- _Dataset extract_:

#####

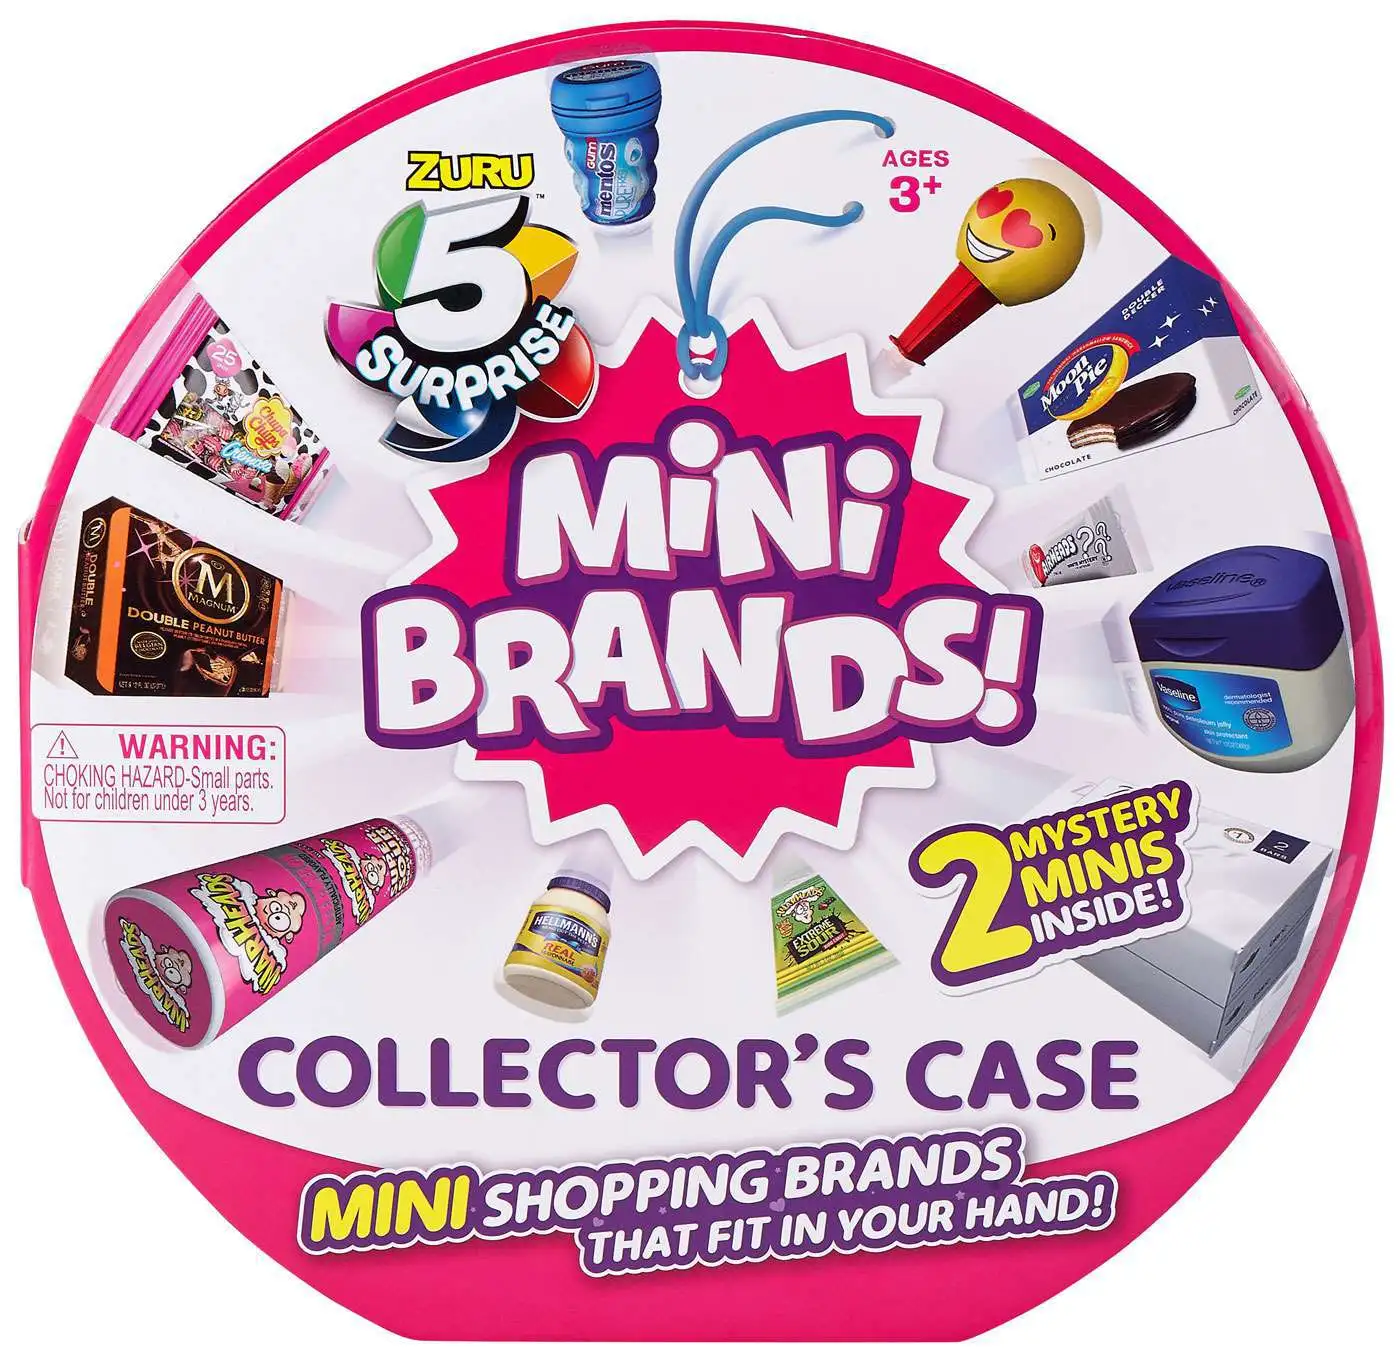 Zuru 5 Surprise Toy Mini Brands Series 2 Collector's Case, 1 ct
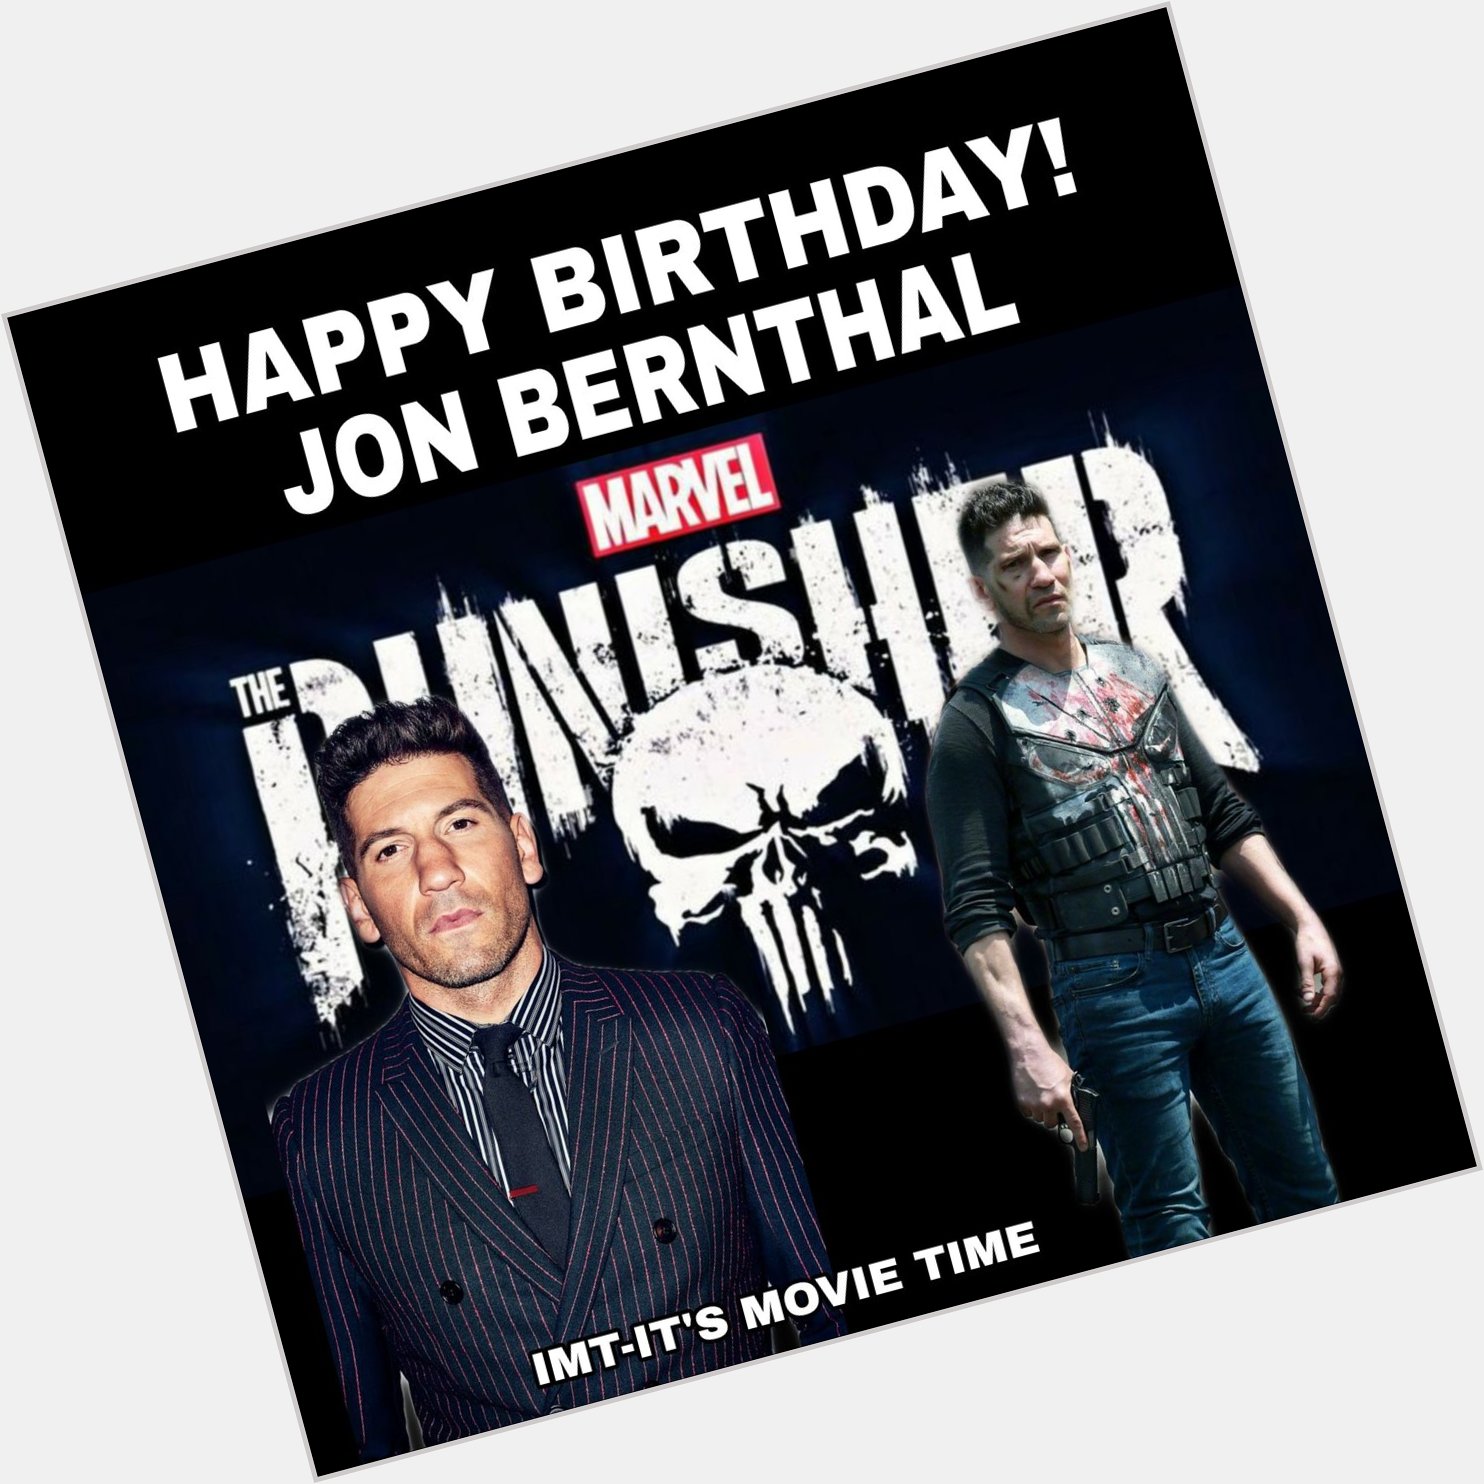 Happy Birthday to Jon Bernthal!
The actor is celebrating 44 years.

#####

Every line of the data should be copied as it stands, without the images.

- _Solution for this exercise_:
 Zuru 5 Surprise Toy Mini Brands Series 2 Collector's Case, 1 ct
 Happy Birthday to Jon Bernthal!
The actor is celebrating 44 years.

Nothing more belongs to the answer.